Bantahan terhadap dalil diatas:

Al-Hafidz Ibnu Hajar menjawab pendalilan dengan hadits Anas bin Malik ini dalam “Fathul Bari11/142 dengan mengatakan:

أَنَّ الْمَنْفِيَّ صِفَةٌ خَاصَّةٌ لَا أَصْلُ الرَّفْعِ ‌وَقَدْ ‌أَشَرْتُ ‌إِلَى ‌ذَلِكَ ‌فِي ‌أَبْوَابِ ‌الِاسْتِسْقَاءِ. 

وَحَاصِلُهُ أَنَّ الرَّفْعَ فِي الِاسْتِسْقَاءِ يُخَالِفُ غَيْرَهُ إِمَّا بِالْمُبَالَغَةِ إِلَى أَنْ تَصِيرَ الْيَدَانِ فِي حَذْوِ الْوَجْهِ مَثَلًا وَفِي الدُّعَاءِ إِلَى حَذْوِ الْمَنْكِبَيْنِ وَلَا يُعَكِّرُ عَلَى ذَلِكَ أَنَّهُ ثَبَتَ فِي كُلٍّ مِنْهُمَا حَتَّى يَرَى بَيَاضَ إِبْطَيْهِ بَلْ يُجْمَعُ بِأَنْ تَكُونَ رُؤْيَةُ الْبَيَاضِ فِي الِاسْتِسْقَاءِ أَبْلَغَ مِنْهَا فِي غَيْرِهِ وَإِمَّا أَنَّ الْكَفَّيْنِ فِي الِاسْتِسْقَاءِ يَلِيَانِ الْأَرْضَ وَفِي الدُّعَاءِ يَلِيَانِ السَّمَاءَ. 

قَالَ الْمُنْذِرِيُّ وَبِتَقْدِيرِ تَعَذُّرِ الْجَمْعِ فَجَانِبُ الْإِثْبَاتِ أَرْجَحُ.
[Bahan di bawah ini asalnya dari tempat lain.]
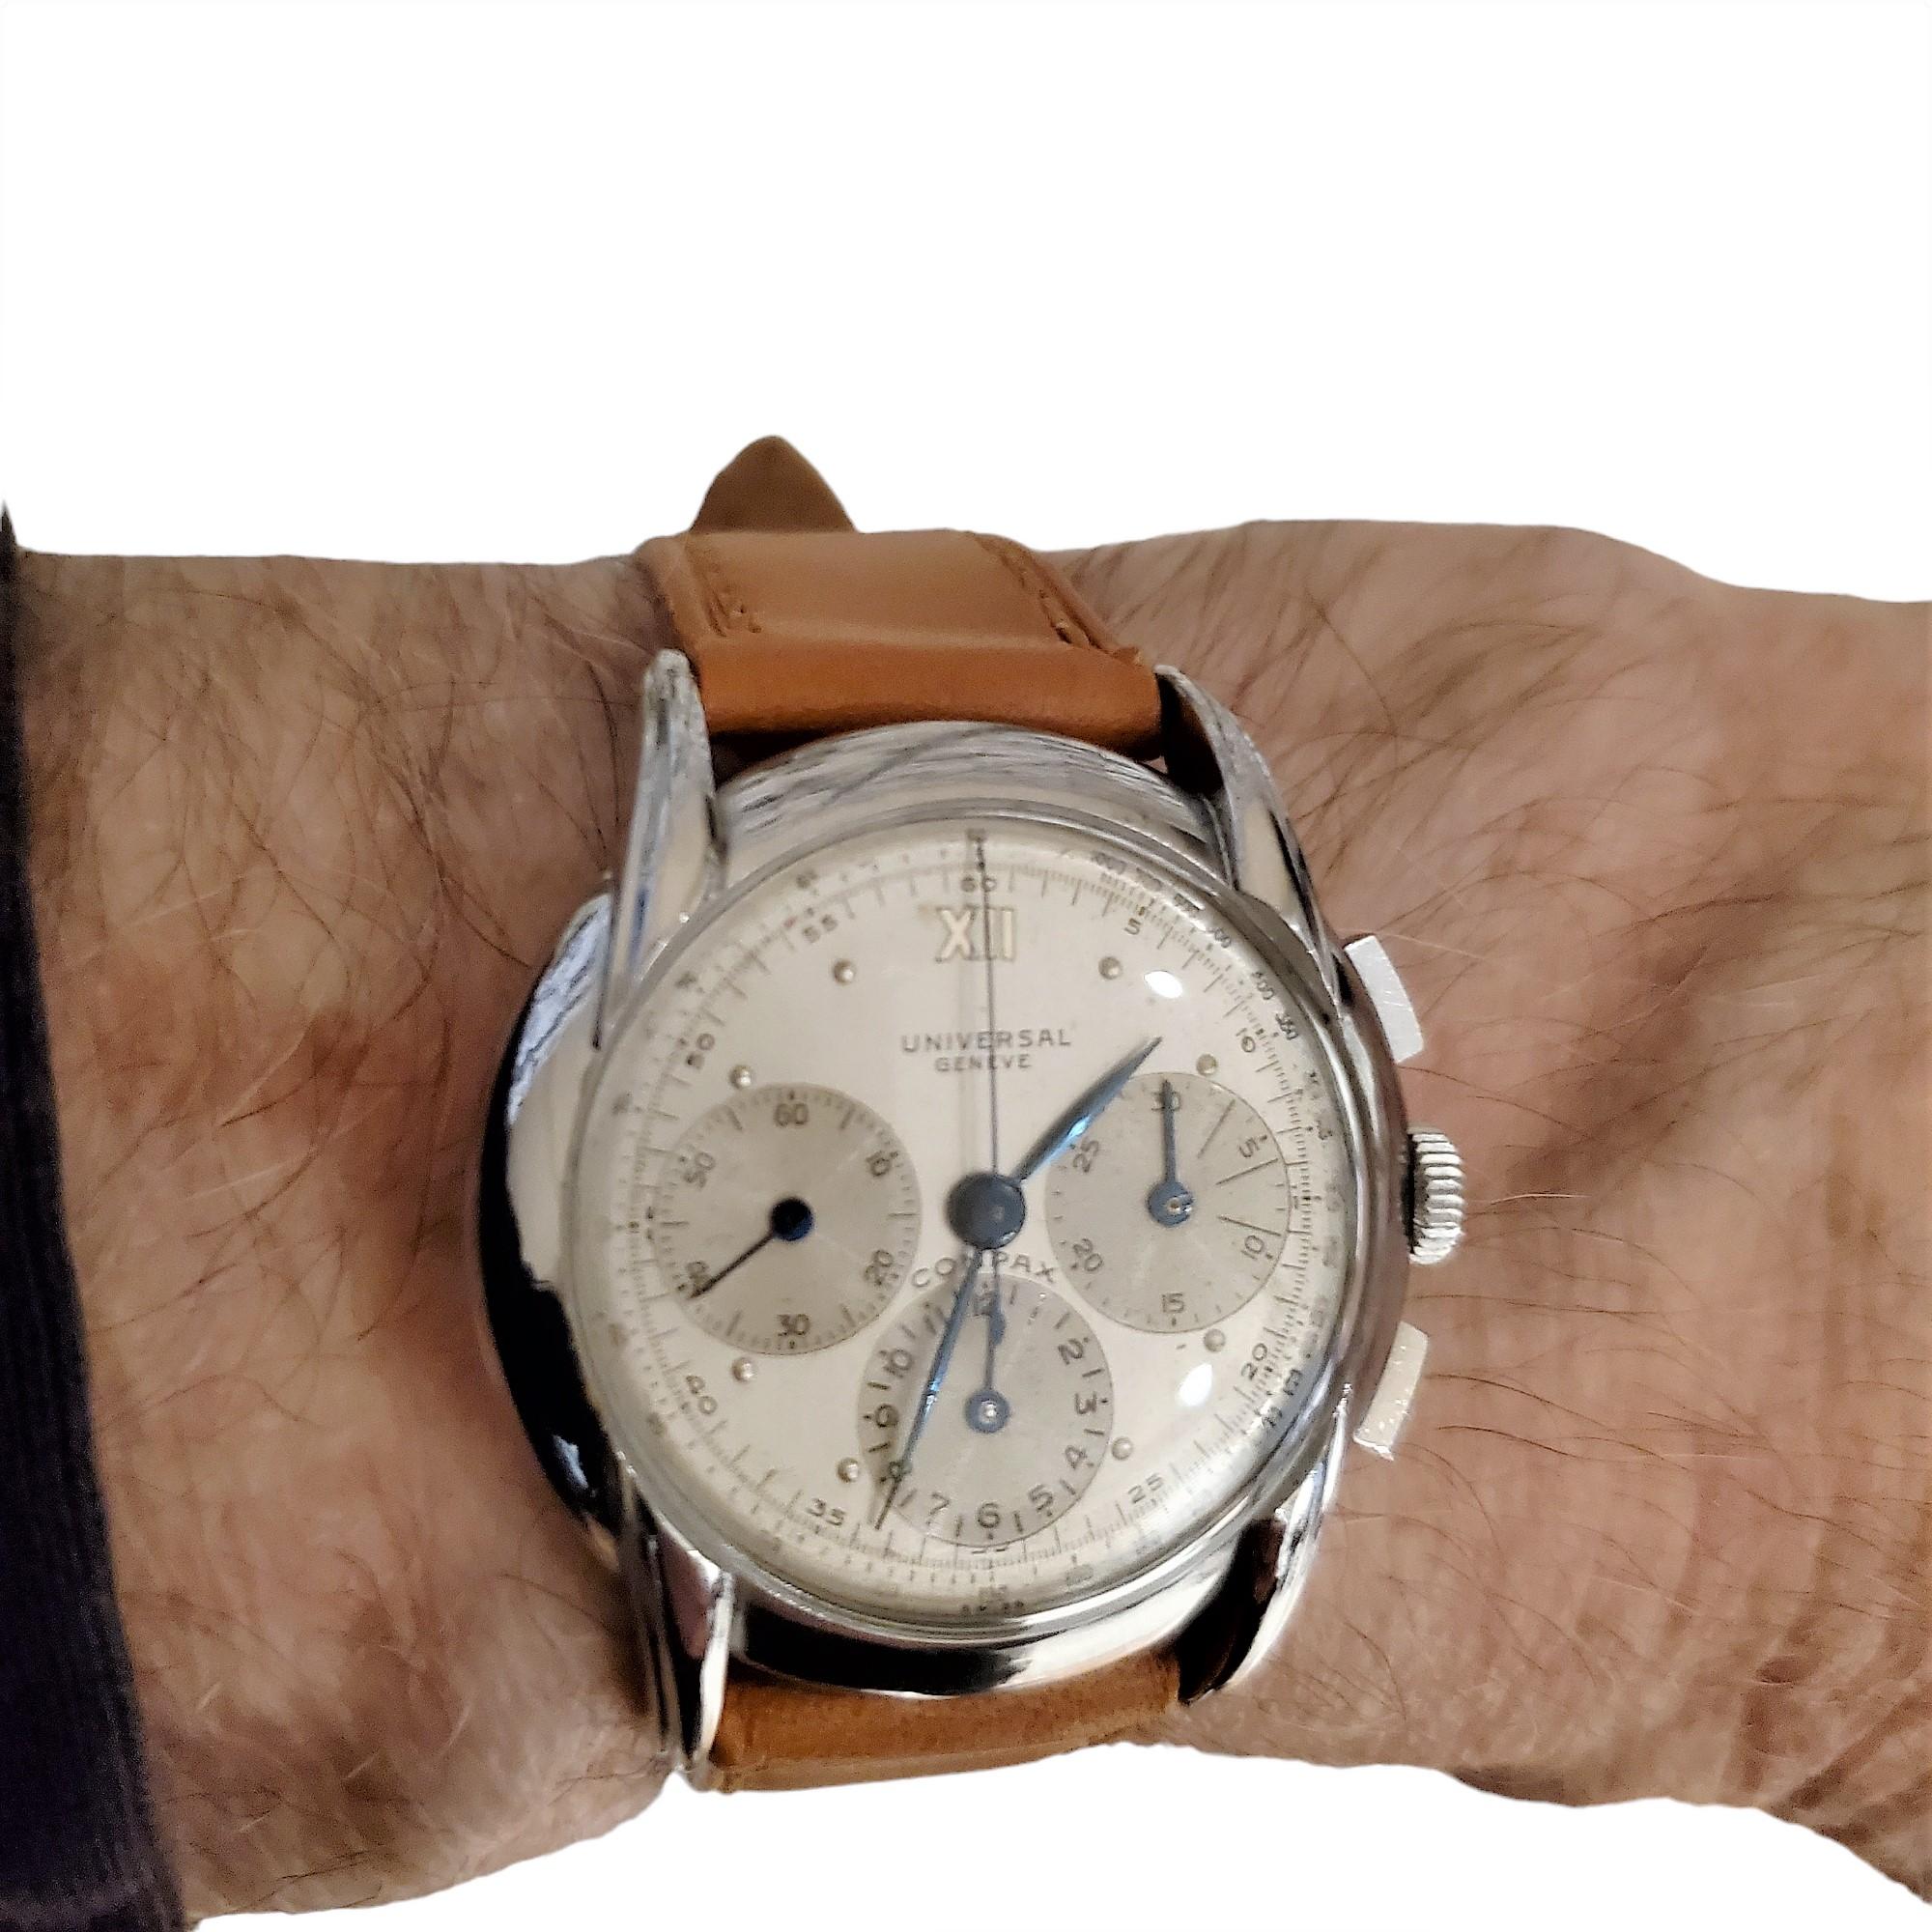 Universal Geneve Compax Chronograph Ref. # 22270;  aus rostfreiem Stahl.  Die Uhr misst 36 mm mit großen, geriffelten, umgedrehten Bandanstößen, einem silbernen, zweifarbigen Zifferblatt mit einer 12-Stunden-Anzeige, einer 30-Minuten-Anzeige und

قُلْتُ وَلَا سِيَّمَا مَعَ كَثْرَةِ الْأَحَادِيثِ الْوَارِدَةِ فِي ذَلِكَ فَإِنَّ فِيهِ أَحَادِيثَ كَثِيرَةً أَفْرَدَهَا الْمُنْذِرِيُّ فِي جُزْءٍ سَرَدَ مِنْهَا النَّوَوِيُّ فِي الْأَذْكَارِ وَفِي شَرْحِ الْمُهَذَّبِ جُمْلَةً وَعَقَدَ لَهَا الْبُخَارِيُّ أَيْضًا فِي الْأَدَبِ الْمُفْرَدِ بَابًا

“Bahwa yang dinafikan itu adalah sifat (cara) tertentu, bukan asal mengangkat tangan itu sendiri.

Aku telah mengisyaratkan hal tersebut dalam bab-bab tentang istisqa. 

Ringkasnya, cara mengangkat tangan dalam istisqa berbeda dengan selainnya; bisa jadi dengan mengangkatnya secara lebih tinggi hingga kedua tangan sejajar dengan wajah misalnya, sedangkan dalam doa biasa hingga sejajar dengan kedua pundak.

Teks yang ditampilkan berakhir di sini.